**Exercise prompt**
Only the lines from the one that contains "Free People Marci Jumpsuit - Washed Army" through the last line of the data below should be duplicated, exactly and without pictures.

**Available data**
◆ ◆ ◆
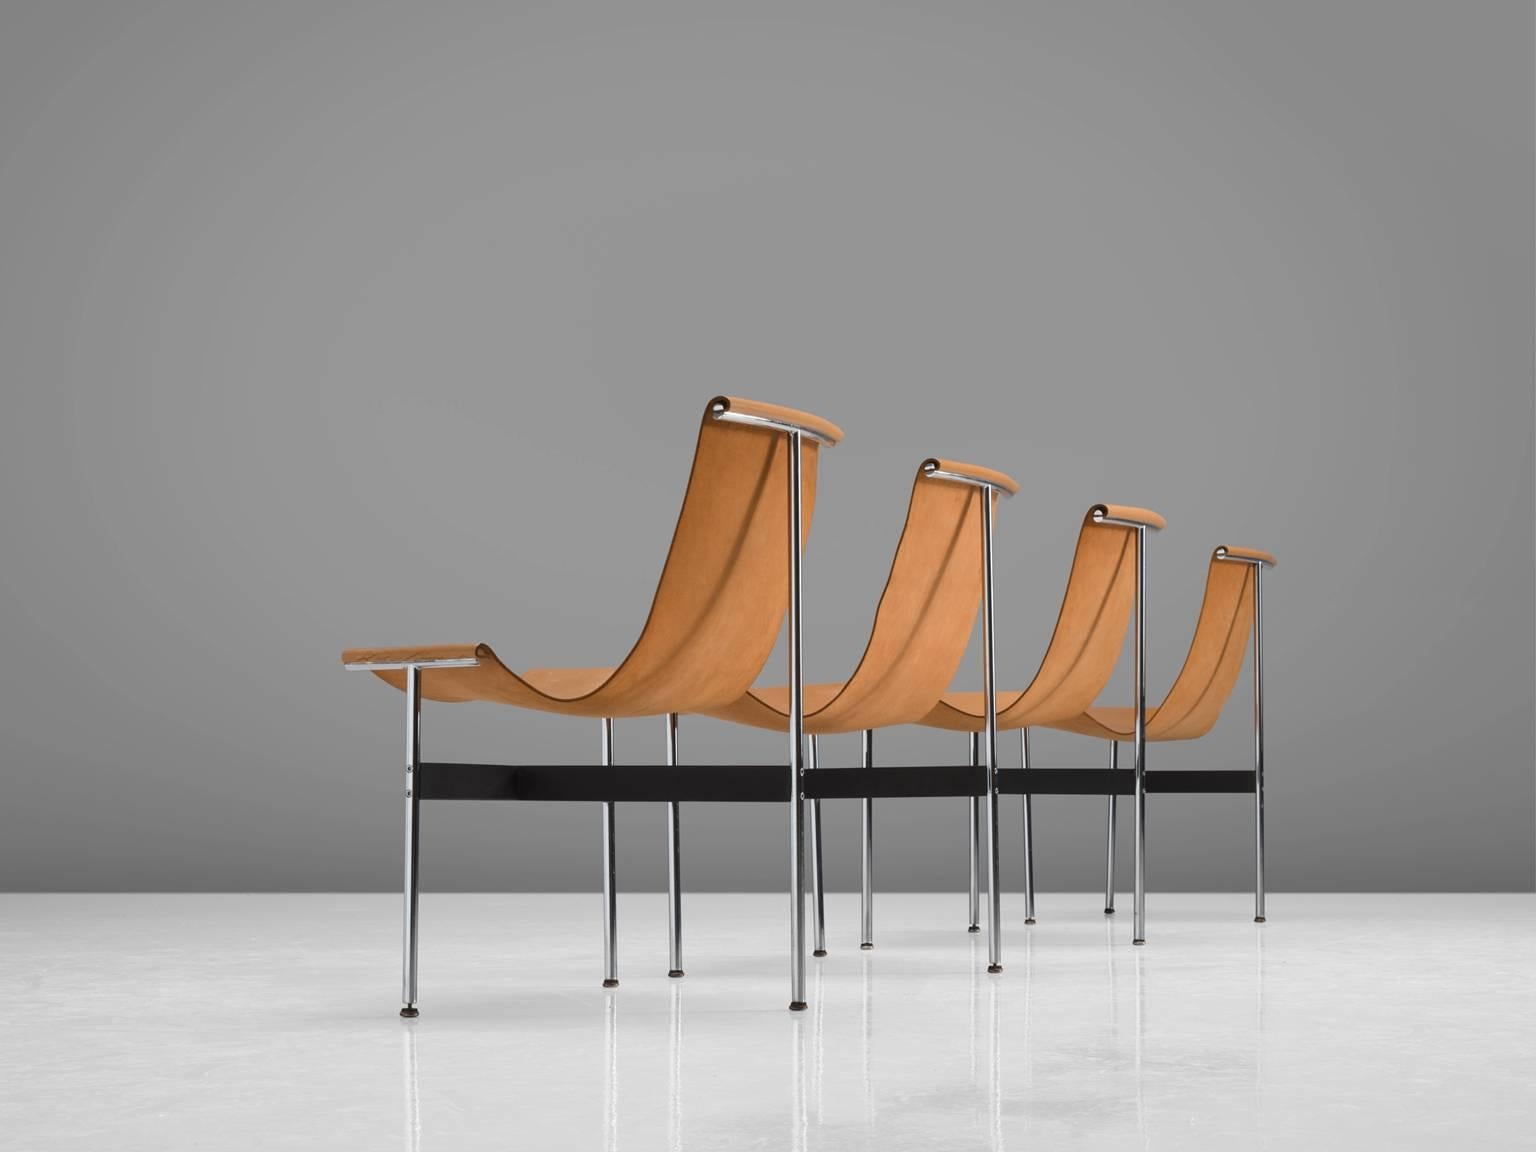 Katavolos, Kelley and Littell, chair, chrome-plated steel, enameled steel and cognac leather, United States, 1952.

This set of elegant and playful three-legged chairs seems almost too delicate to sit in. But in fact these sensuous chairs are very
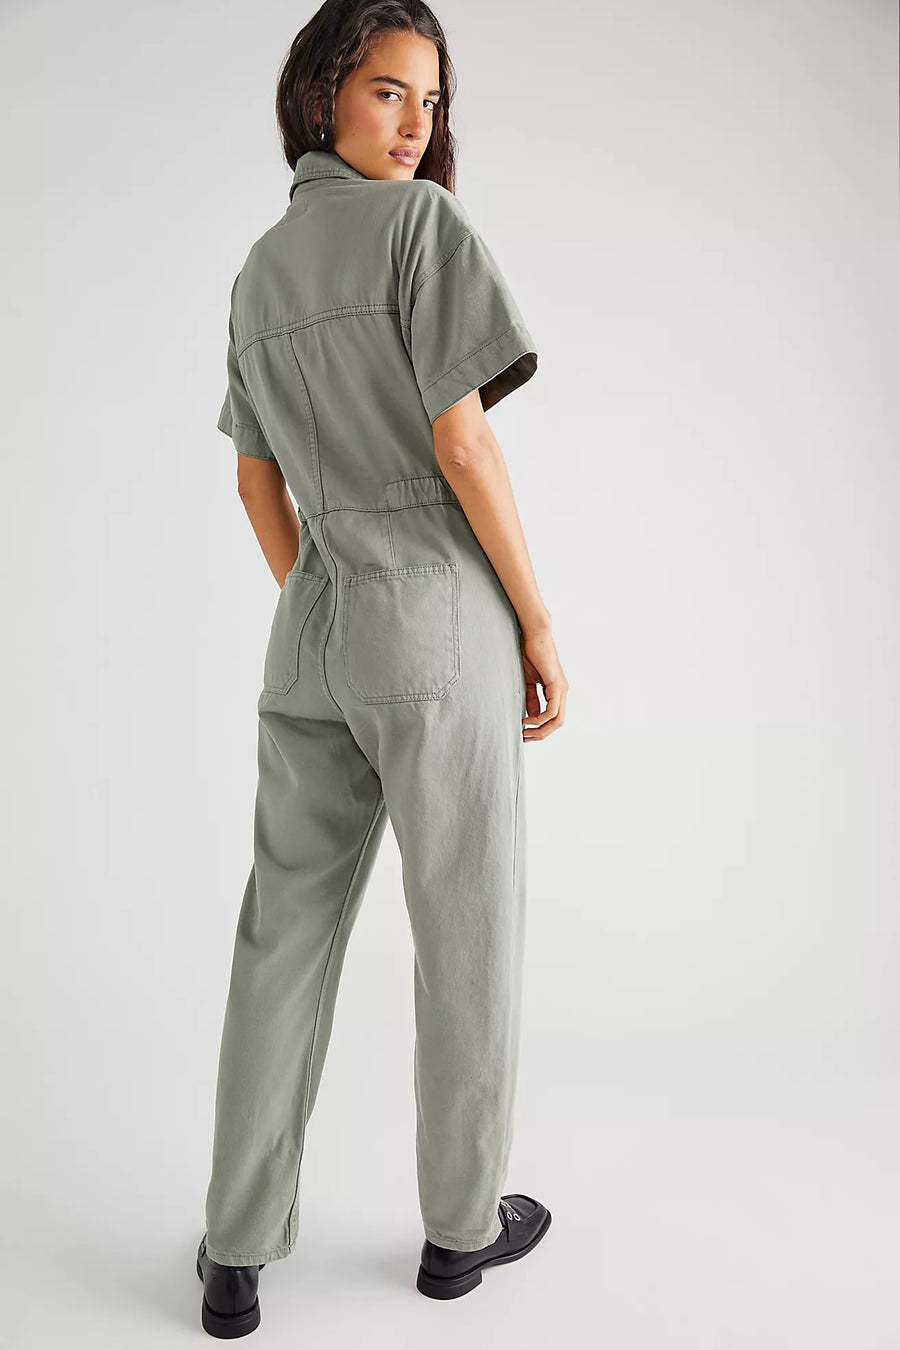 Free People Marci Jumpsuit - Washed Army
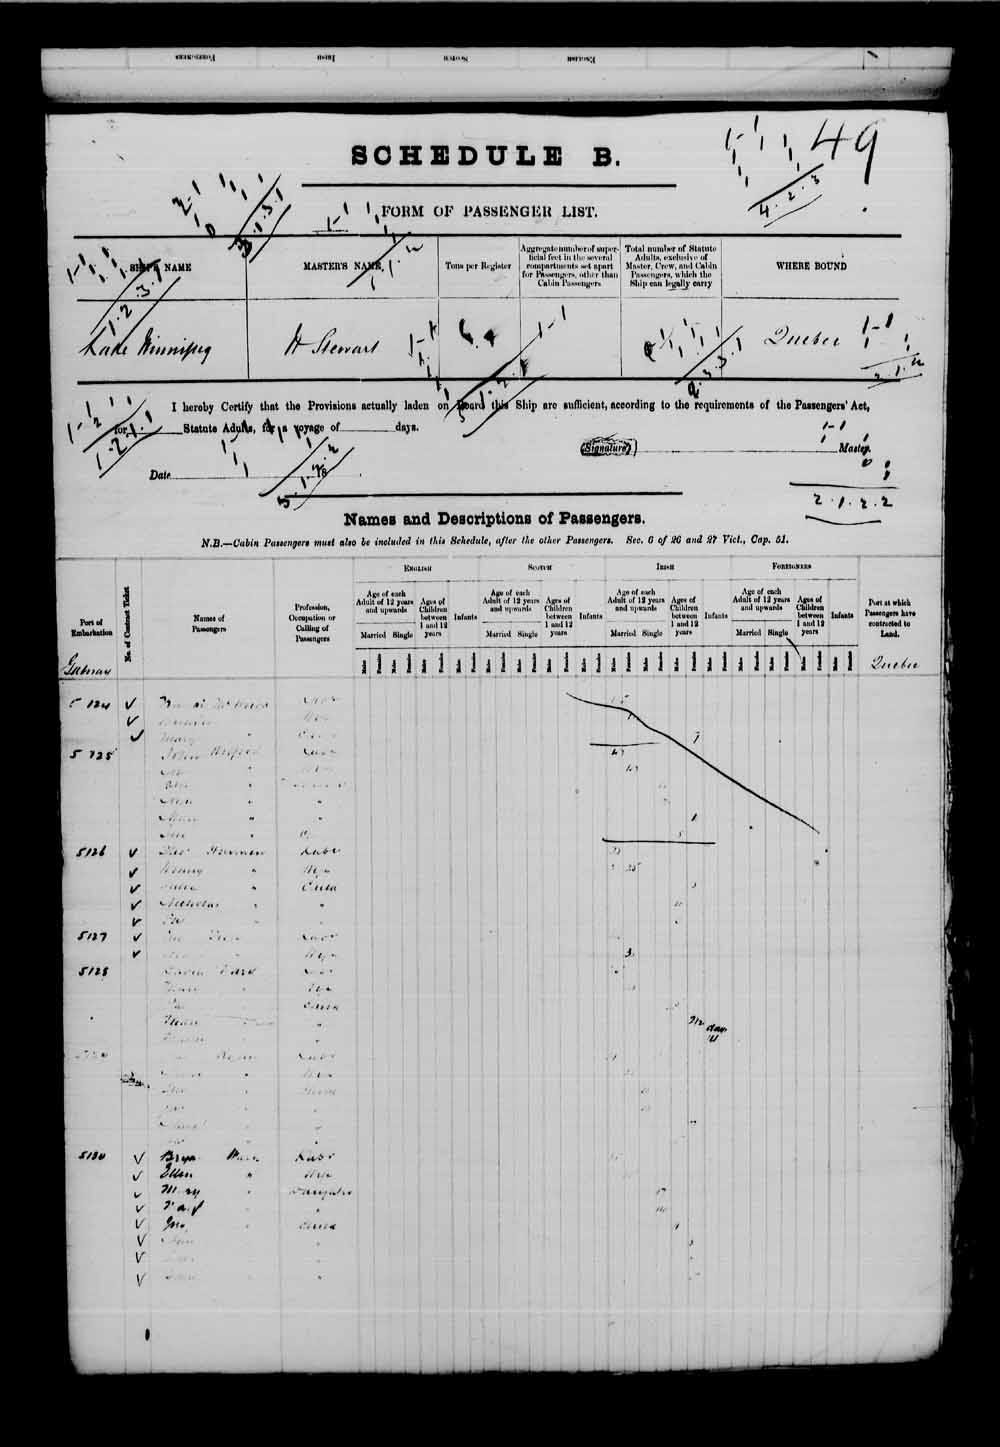 Digitized page of Passenger Lists for Image No.: e003543404
◆ ◆ ◆
**Solution to the problem**
 Free People Marci Jumpsuit - Washed Army
 Digitized page of Passenger Lists for Image No.: e003543404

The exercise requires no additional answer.